Since in your predictive model the design is very like in discrete choice models within the case of binary response variables (logistic regression for example would be relevant here), the problem could be approached in the same manner.

First of all you may consider the generalized $R^2$. Note the last suggestion to scale the $R^2$ by the $R^2_{max}$ that insures the modified coefficient is below $1$.

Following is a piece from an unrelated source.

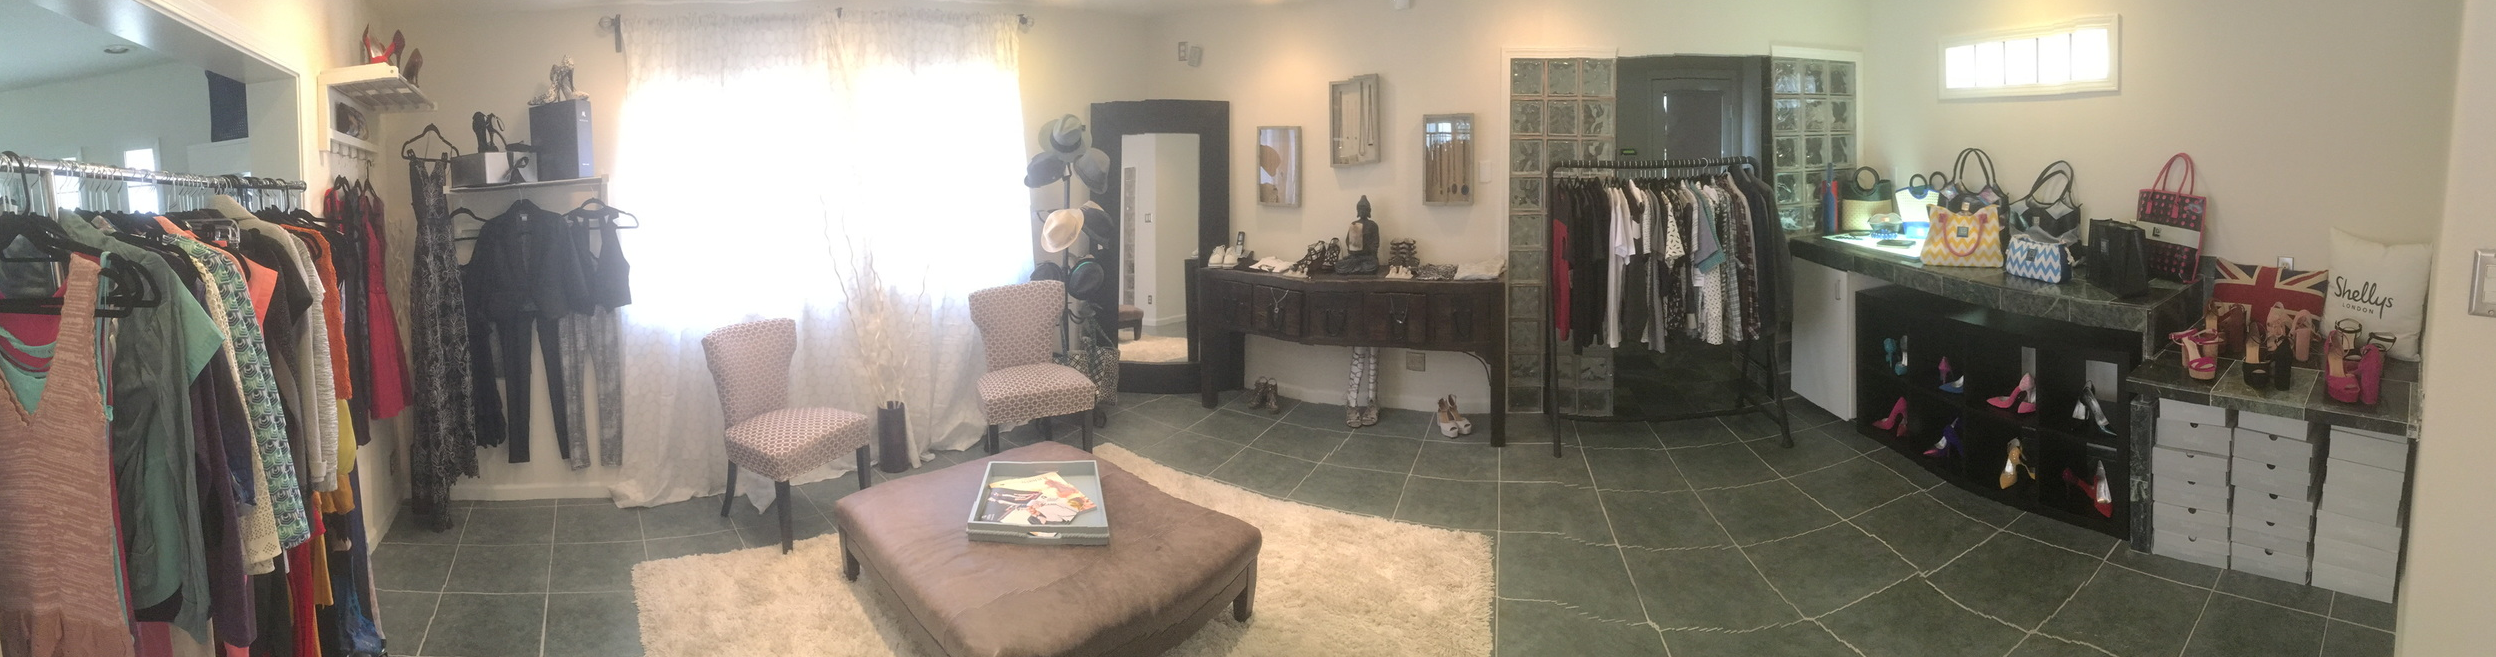 fem pr showroom

You may also consult the classical text book in econometrics (I used Greene Econometric Analysis Chapter 21.4.5, but a link from SAS help page seems also relevant) regarding the goodness-of-fit for binary response models:

• McFadden's likelihood ratio index $LRI = 1 - \frac{\log L(\theta)}{\log L(0)}$ the coefficient is pointed to have no clear interpretation though, but this one is a common build-in solution in most of the statistical software
• Another interesting suggestion is to look either on the average probability of correct predictions as in Ben-Akiva and Lerman: $R^2_{BL} = 1/n \sum_i (y_i \hat F_i - (1- y_i)\hat F_i)$, where $\hat F_i$ is the estimated probability (the estimated value you use to compare with the threshold $0.5$).
• In unbalanced samples when the number of wins is much different from the number of losses the $R^2_{BL}$ underestimates the smaller group, so you may introduce a measure that compares average correct and incorrect cases $\lambda = (average \hat F_i | y_i = 1) - (average \hat F_i | y_i = 0)$ Cramer's $\lambda$ heavily penalizes incorrect answers.
• Note that for the unbalanced datasets it is recommended to be cautious about the naive threshold value of $0.5$ since in that case a smaller group risks to be unpredicted too often.
• The other suggestions for the $R^2$ augmentation are in the abovementioned SAS help page (to be frank, I have never used one thus has no clear opinion regarding them, but the Cragh-Uhler 1 is exactly the generalized coefficient of determination from the wiki page).